Task objective ▸ Line by line, the data below should be set down unchanged, with images excluded.

Raw data ▸
"""

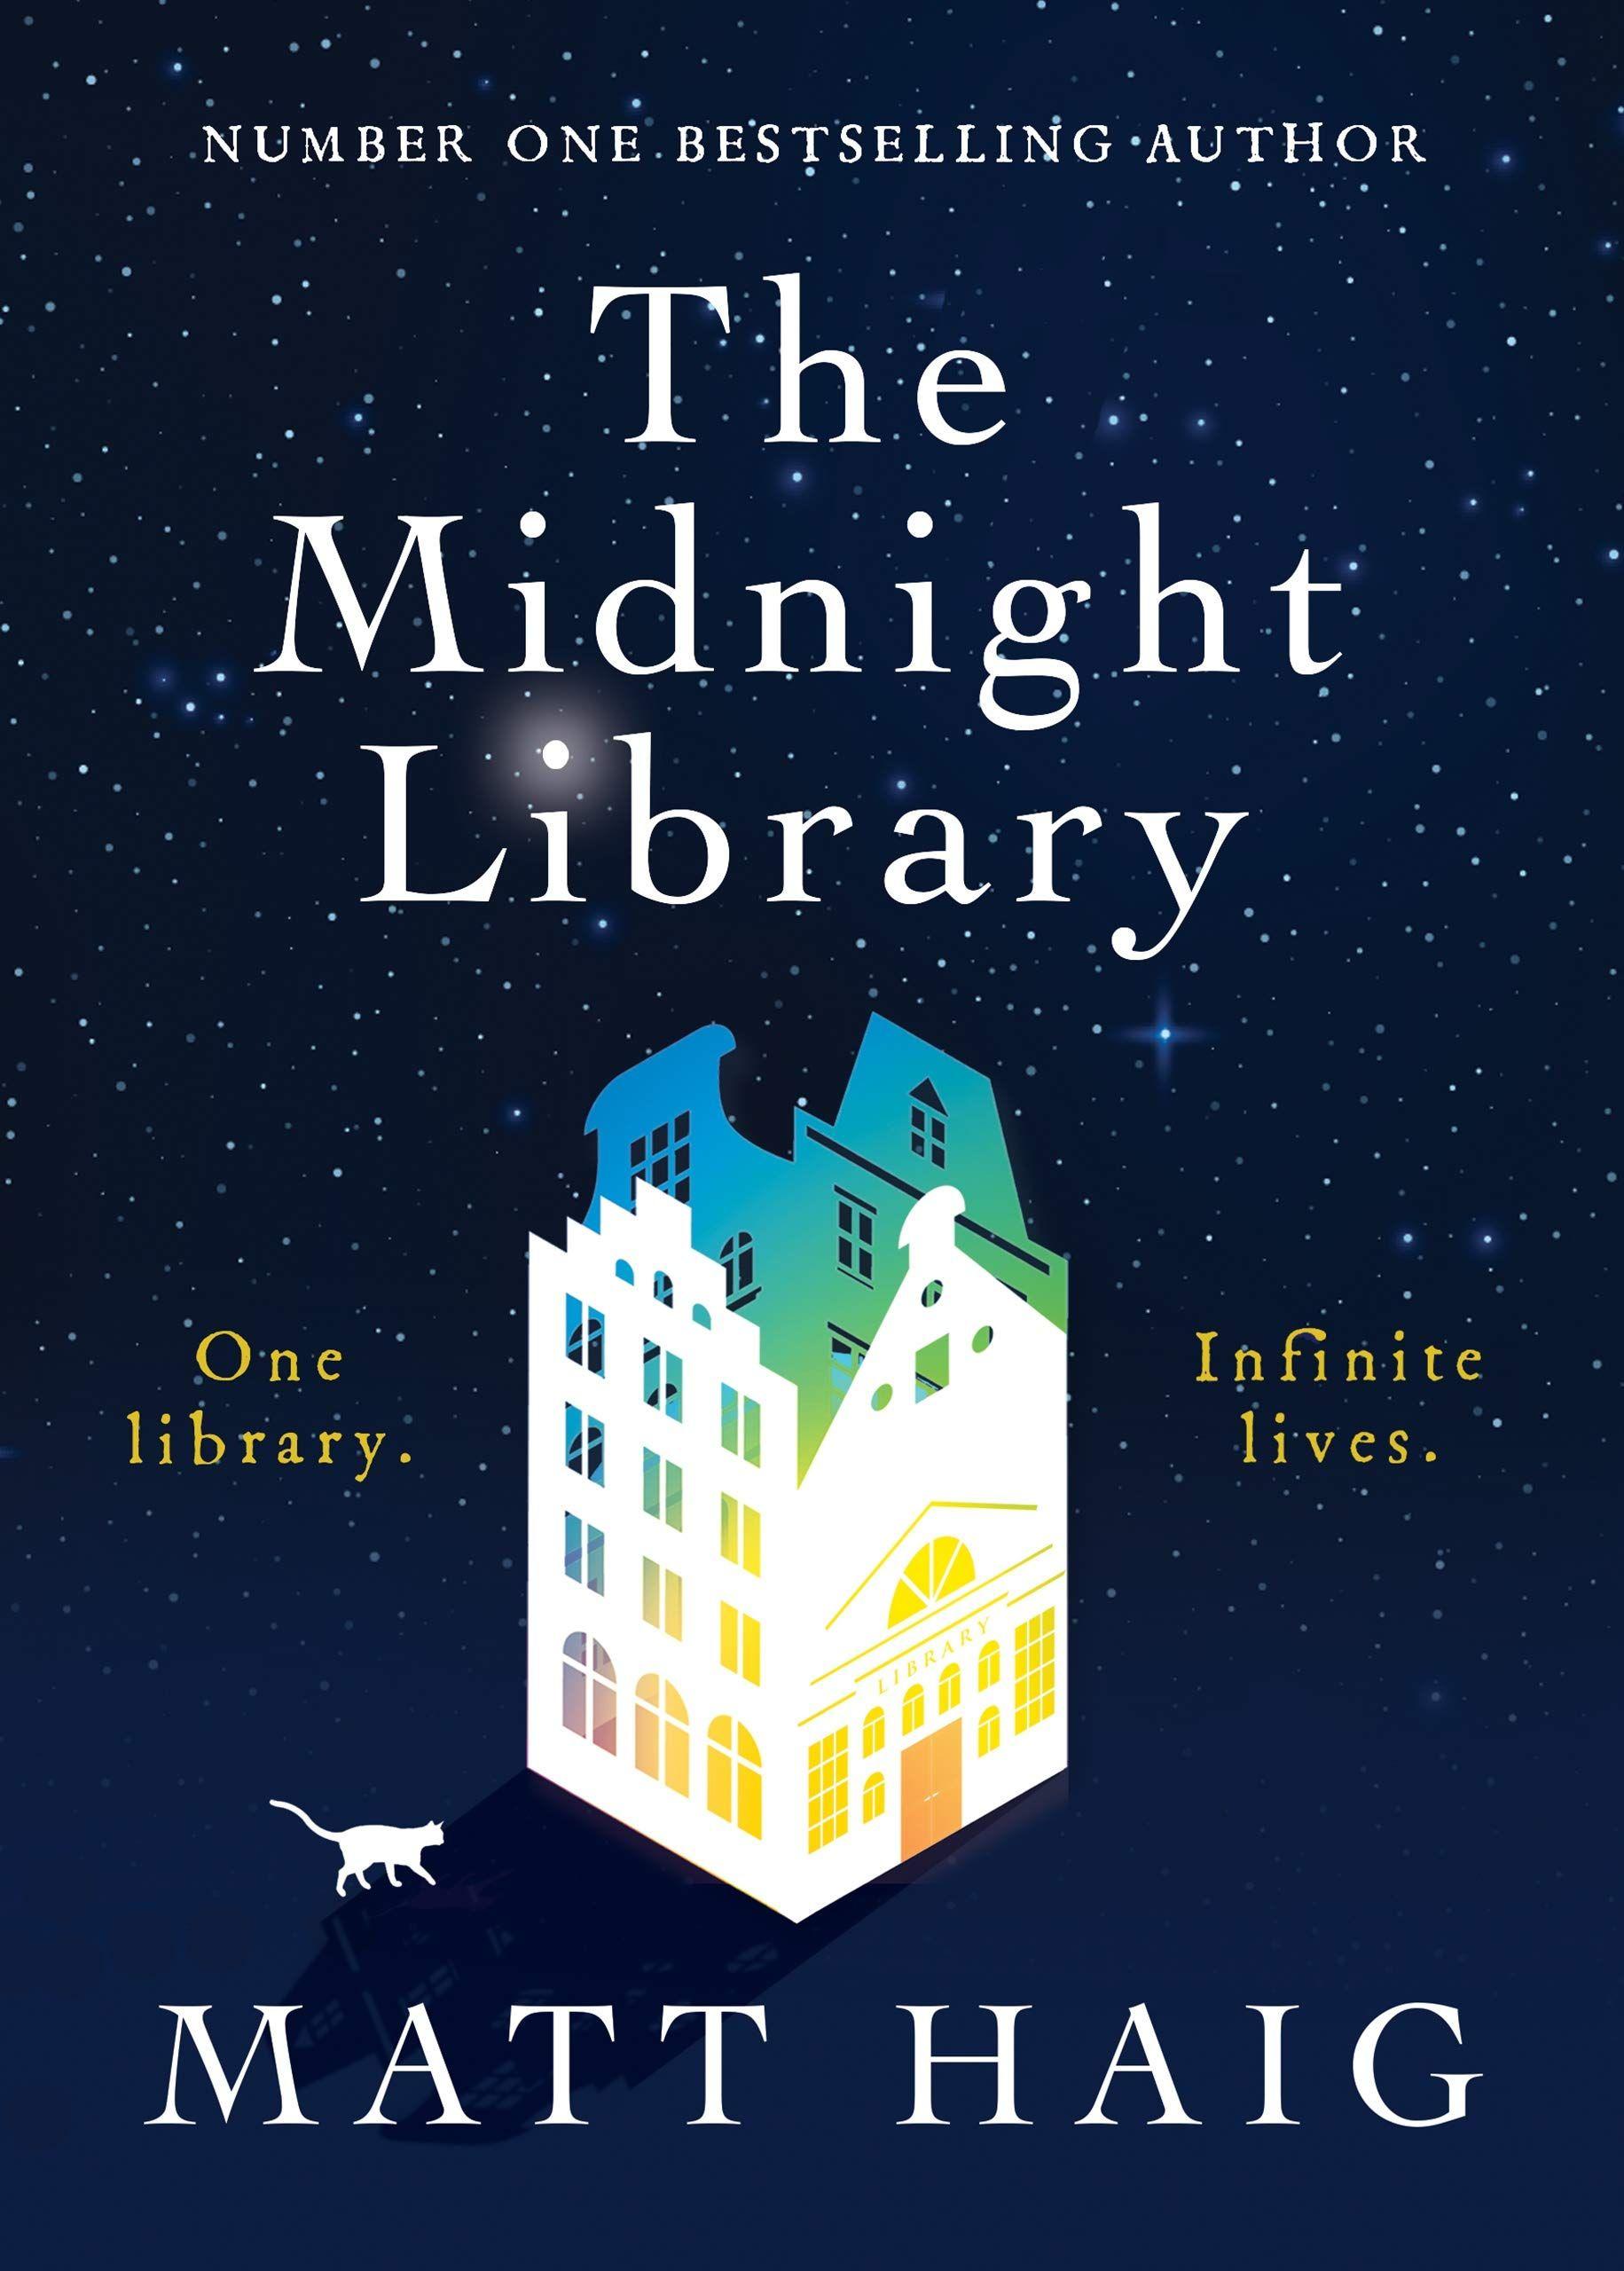 Pdf The Midnight Library By Matt Haig The Midnight Library Best Book Club Books Book Club Books
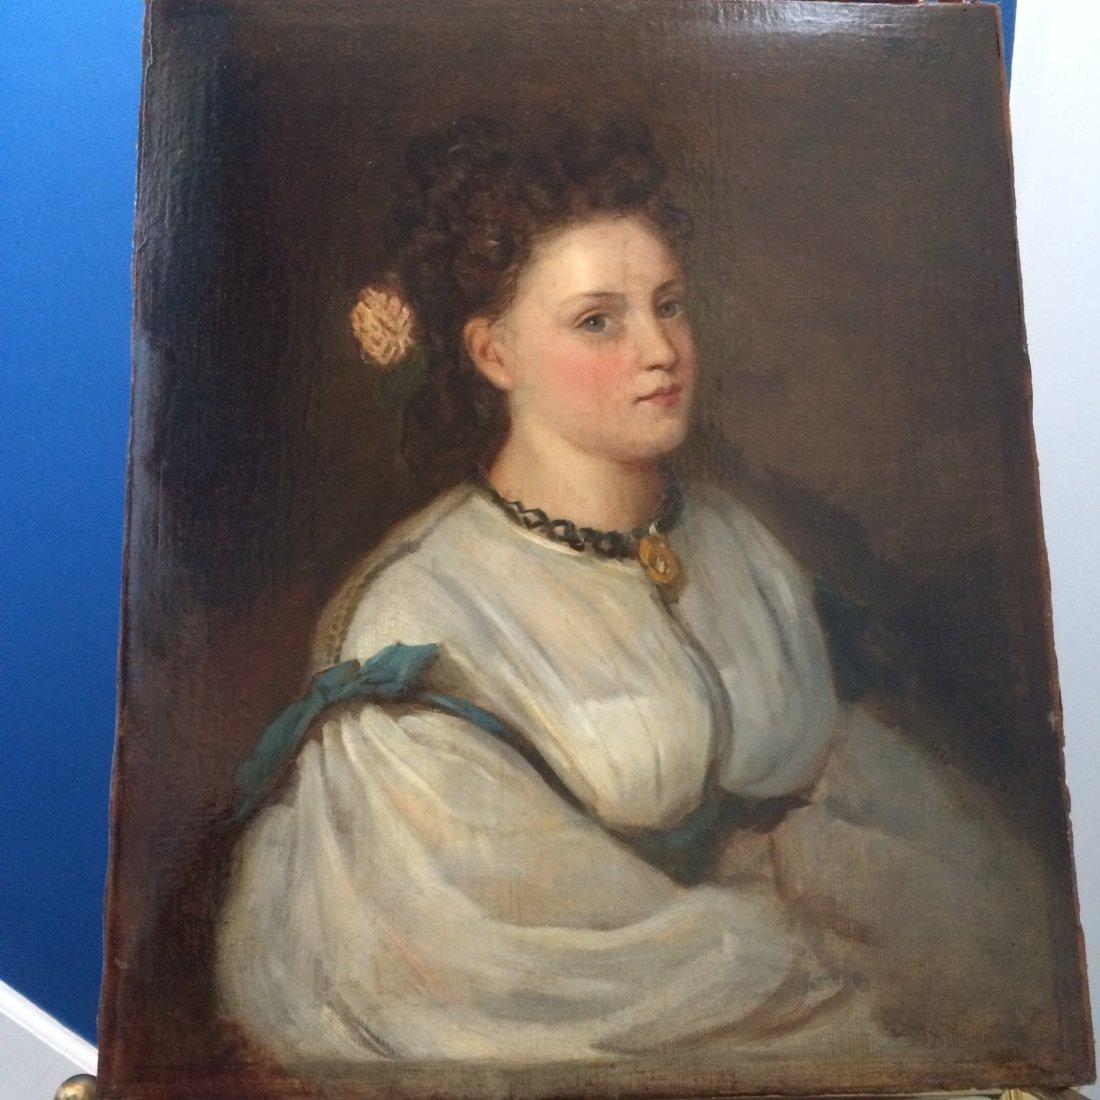 Portrait Signed Fantin. Oil on Canvas
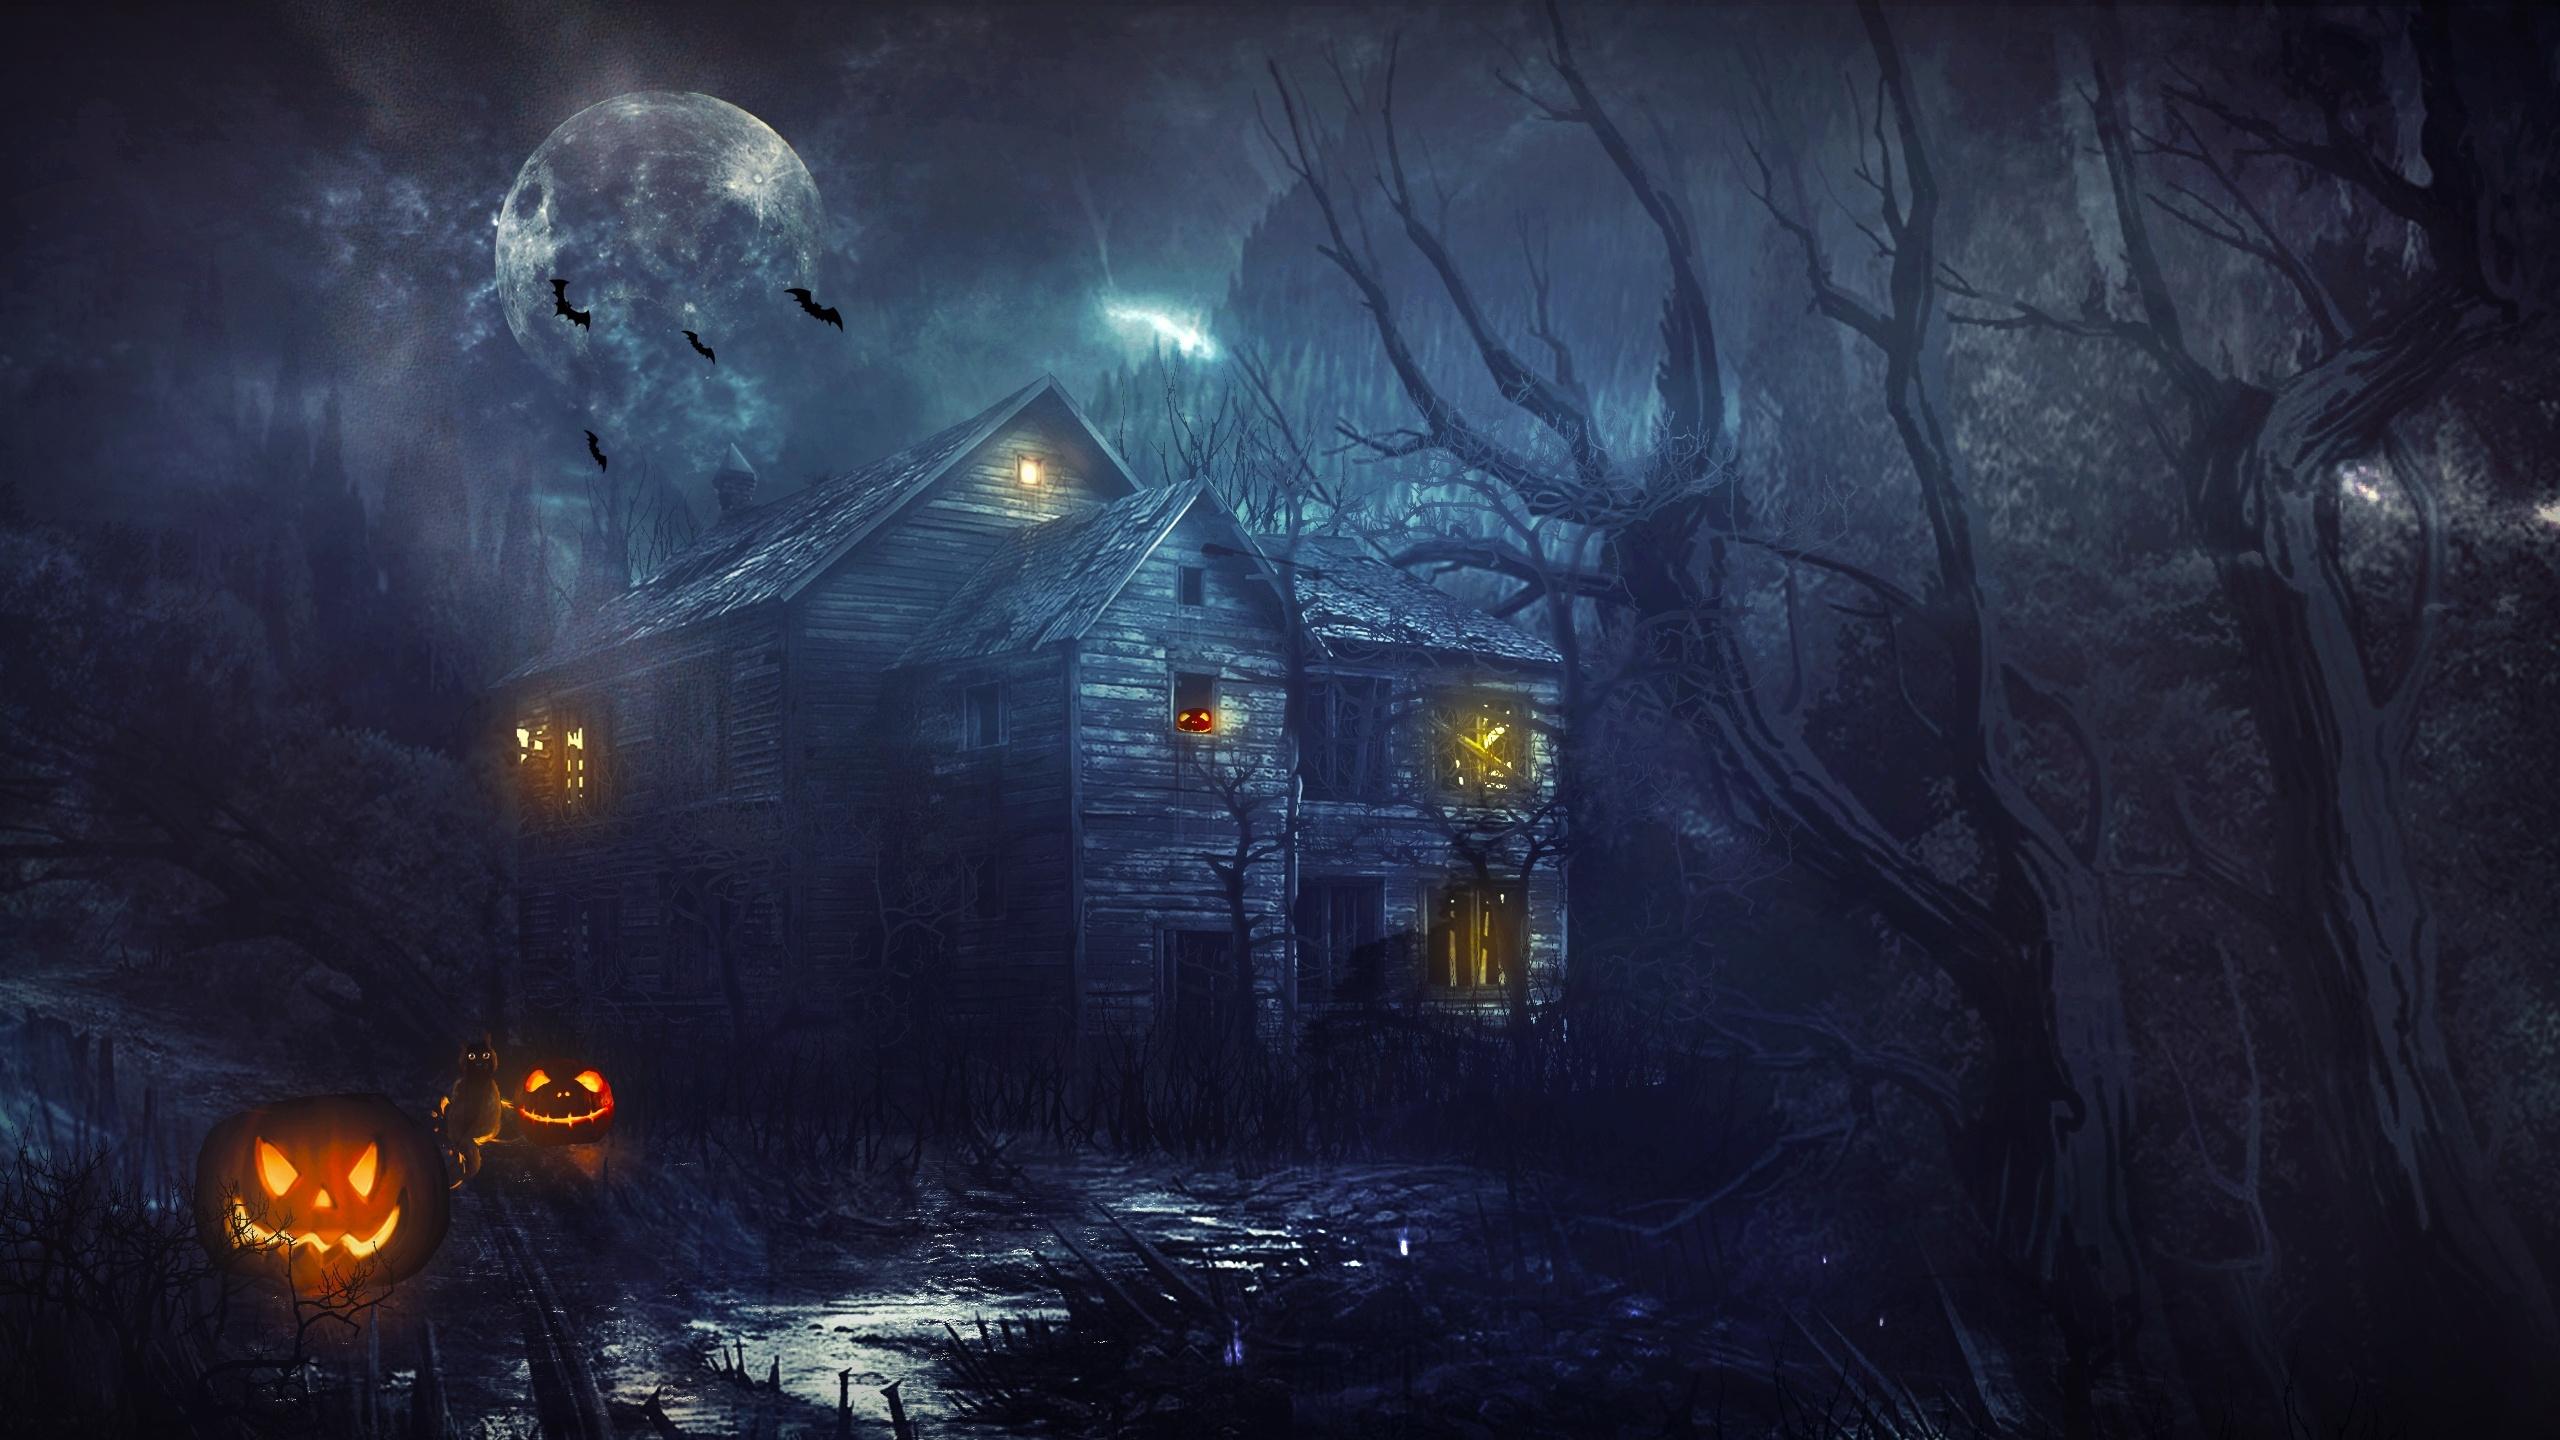 Haunted house wallpaper 31301 2560x1440

"""

Exercise solution ▸
 Pdf The Midnight Library By Matt Haig The Midnight Library Best Book Club Books Book Club Books
 Portrait Signed Fantin. Oil on Canvas
 Haunted house wallpaper 31301 2560x1440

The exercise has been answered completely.